Since Edward and I were an officially done as an unofficial item.

Since the time I told him my period was late and he hunched over my bathroom sink holding a flimsy cardboard box in his hand and even though the test was negative he stopped coming in my window and calling me back and started avoiding me behind the 7-11 where everybody always met up.

Since he made me cry and then got into an actual fist fight with my father that was never spoken about before or after said fight.

You know.

Since I started despising him.

We had to stop after only twenty minutes thanks to Emmett's grandma bladder. Edward pulled over on the shoulder of a dark road and Jasper hopped out of the passenger side to open the double back doors so Emmett could roll out.

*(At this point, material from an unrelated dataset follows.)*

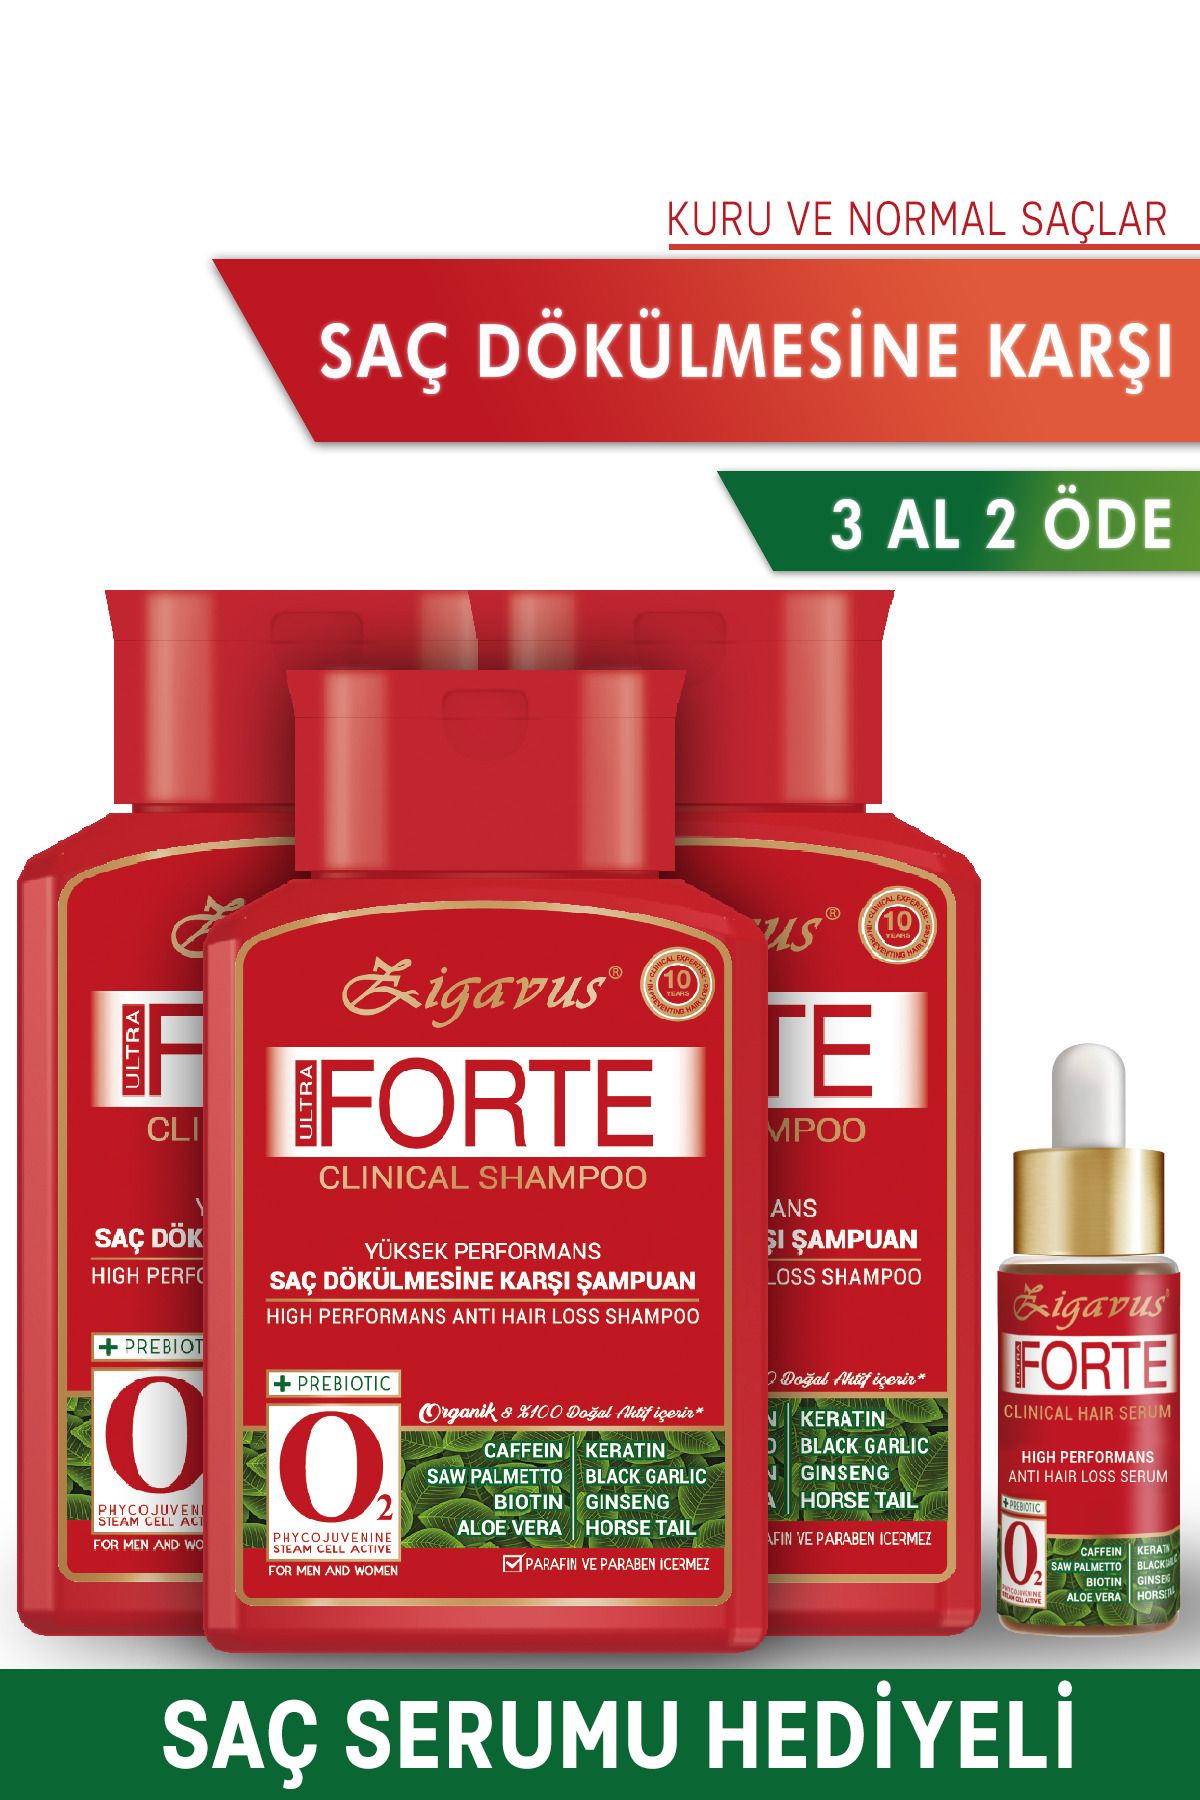 Zigavus Forte Saç Dökülmesi Karşı Şampuan 300 ml -Kuru ve Normal Saçlar -3 Al 2 Öde  8699349130961
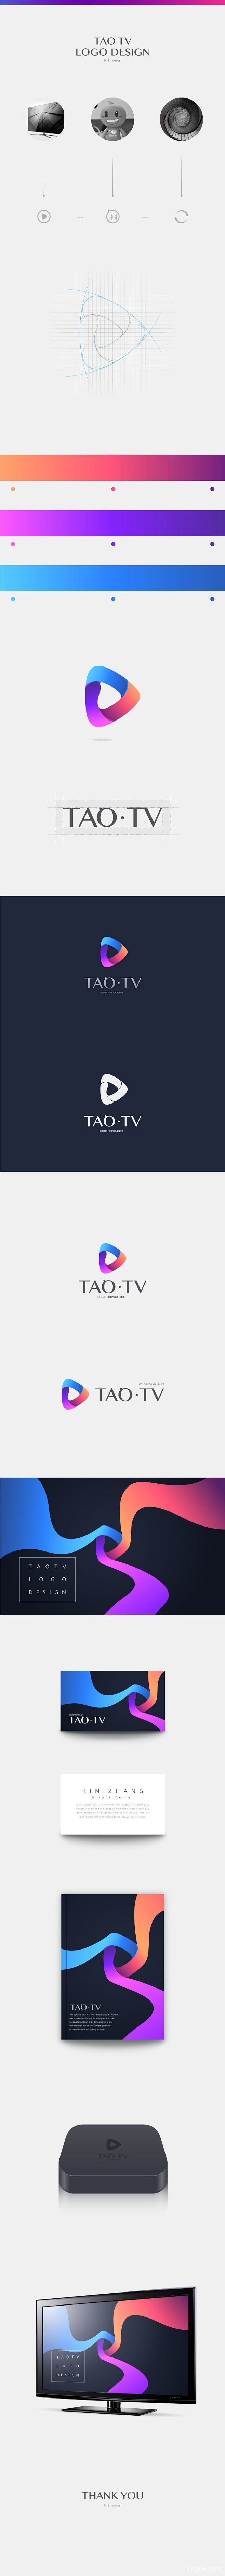 TAO TV LOGO标志设计 - 图翼...

I took the opportunity to clear something up with Edward. I unbuckled and leaned forward, using the two front seats to brace myself and regretting it instantly as there was something sticky on the perforated white leather. I closed my eyes and swallowed twice before starting.

"You don't have to pay my way, or whatever. About earlier. So, don't think you're going to—"

I saw his hand go up to rub his eyes, this thing that he does, and then he looked over his shoulder at me and this slow, lazy, terrible smile just kind of spread on his face. I could barely see his eyes in the dark, but I saw that smile.

"Well. Of course not. That would make you my whore, wouldn't it?"

That's when I stopped resisting the urge to kick.

He twisted in the seat faster than I would've thought him capable of and caught my ankle before my third kick made contact.

"Act like a lady, Bella," he said, then let my ankle go, turned back around and turned the music up.

xxxxx

"What is that smell?" I groaned, face down in my back pack.

"Man smell, Princess. Don't worry about it. Go back to sleeping," Emmett said from the back. I opened one eye and turned my head enough to see Emmett's big bear paw of a bare foot dangling over the seat, just above my head.

"Get your foot out of my face—"

"Uh. I was the one who insisted you could join us. Shut up and don't make waves, Bella."

"I paid. Move your foot." I would've poked it, but ew.

"I want it noted," Jasper sniffed, "that we didn't have these kinds of problems with just the three of us." I take back that time junior year when I told you the ending to Grapes of Wrath right before class started, you dick.

"I want it noted that you and Captain Cool up there don't have this stinky hippopotamus foot in your faces, and maybe if you did, you'd understand my bi- my complaining," I amended. I sat up and shoved the hair sticking to the drool on my face away. "Let's establish a few things right now. I am not going to be the tagalong chick here. I am not going to be overridden—"

"Nah. Just get ridden. Edward. You. I seem to recall a few summers ago—" I grabbed that half-full Gatorade bottle where it was half-rolling and tossed it over my shoulder, satisfied with the "oof" I got from Emmett.

"I won't be a pain in your asses, so I expect all of you to not to be a pain in my ass," I continued as though Emmett hadn't said anything at all. "Where are we going, anyway?"

Jasper turned around and tossed me a warm can of Mountain Dew.

"This van, Bella, is bound for glory."